Zusammenfassung
Die Entwicklung zu einem globalisierten Netzwerkkapitalismus hat die Alltagserfahrungen der Menschen nachhaltig verändert und sich auf deren Selbstbilder sowie Normalitätsvorstellungen ausgewirkt. Der neue Kapitalismus hat uns ein spezifisches Störungspanorama beschert, das allerdings im Sprachspiel der klinischen Diagnostik nicht in seinem gesellschaftlichen Rahmen benannt und eingeordnet werden kann. Hier liegt ein professionelles Reflexionsdefizit vor. Die Psychotherapie braucht eine Gesellschaftsdiagnostik und kann zu ihr beitragen.
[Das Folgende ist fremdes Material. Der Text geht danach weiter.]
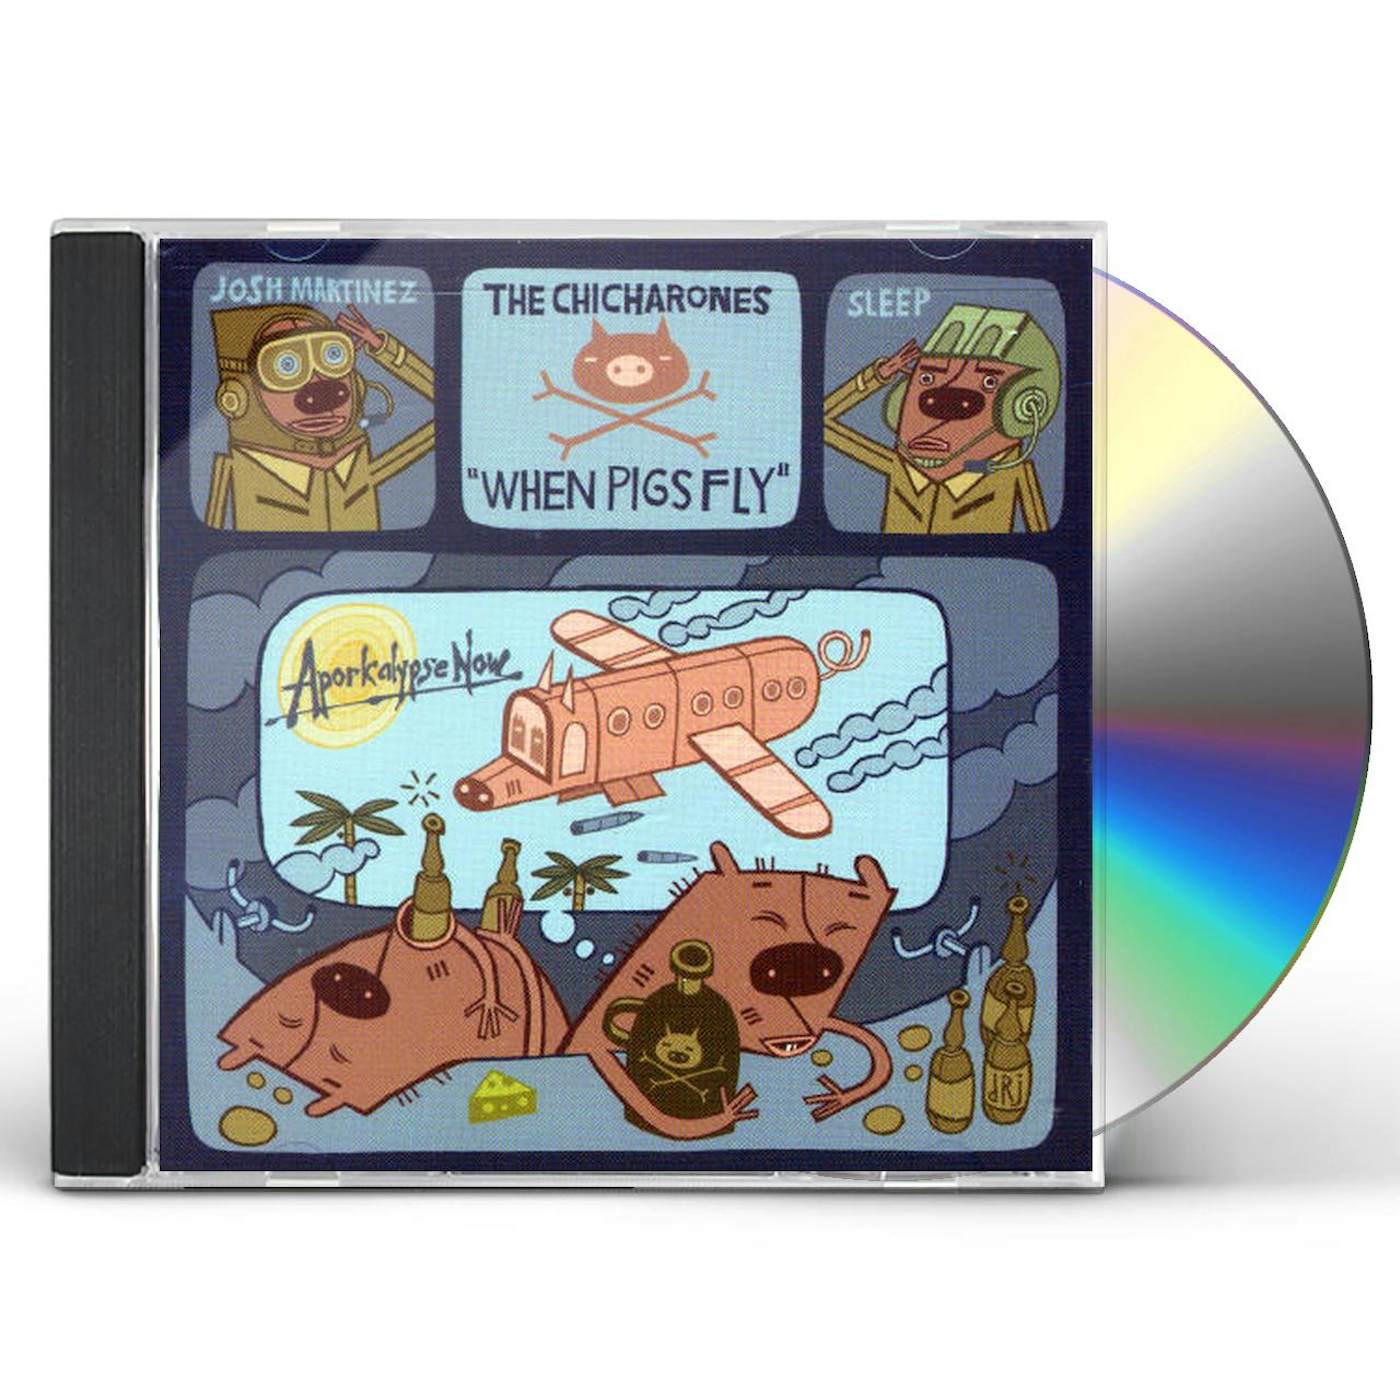 The Chicharones WHEN PIGS FLY CD
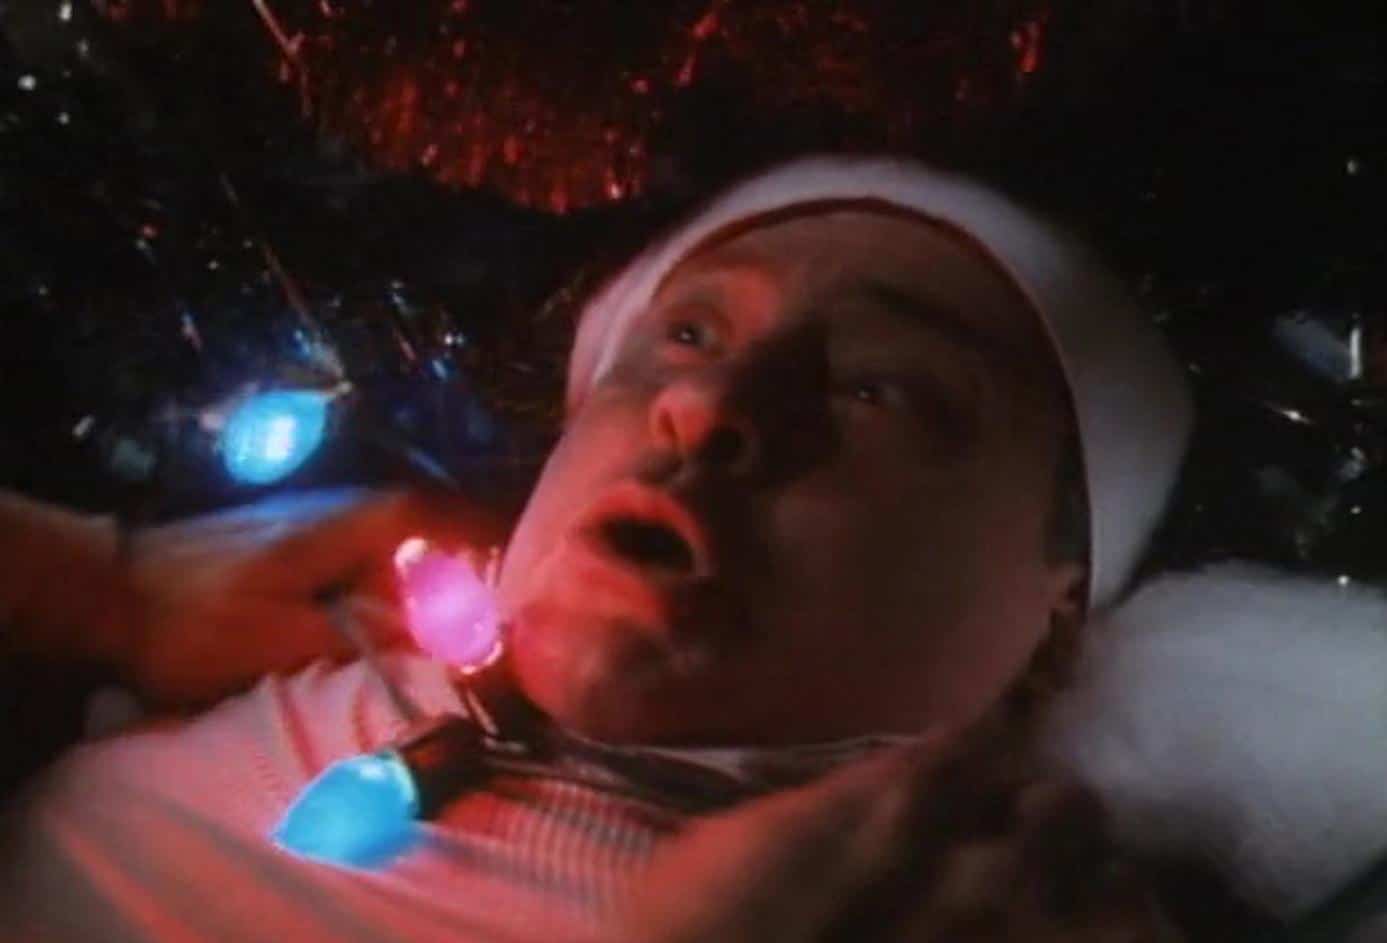 Silent Night Deadly Night 4: Initiation

Es ist außerdem für sie notwendig, die therapeutisch-technische Handlungsebene durch eine kritisch-reflexive Achtsamkeit für die strukturellen Bedingungen menschlichen Lebens und Leidens zu entwickeln.
Abstract
The development into a globalized network capitalism has brought enduring change to everyday experiences of humans and affected their self-images and concepts of normality. The new capitalism offered us a specific disturbance panorama which, however, in the language game of clinical diagnostics cannot be named and classified in its social framework. Here is a gap in professional reflection. Psychotherapy needs social diagnostics and for its part can contribute to it. Moreover, it is necessary for psychotherapy to develop its therapeutic technical operating level by a critical alertness for the structural conditions of human life and human suffering.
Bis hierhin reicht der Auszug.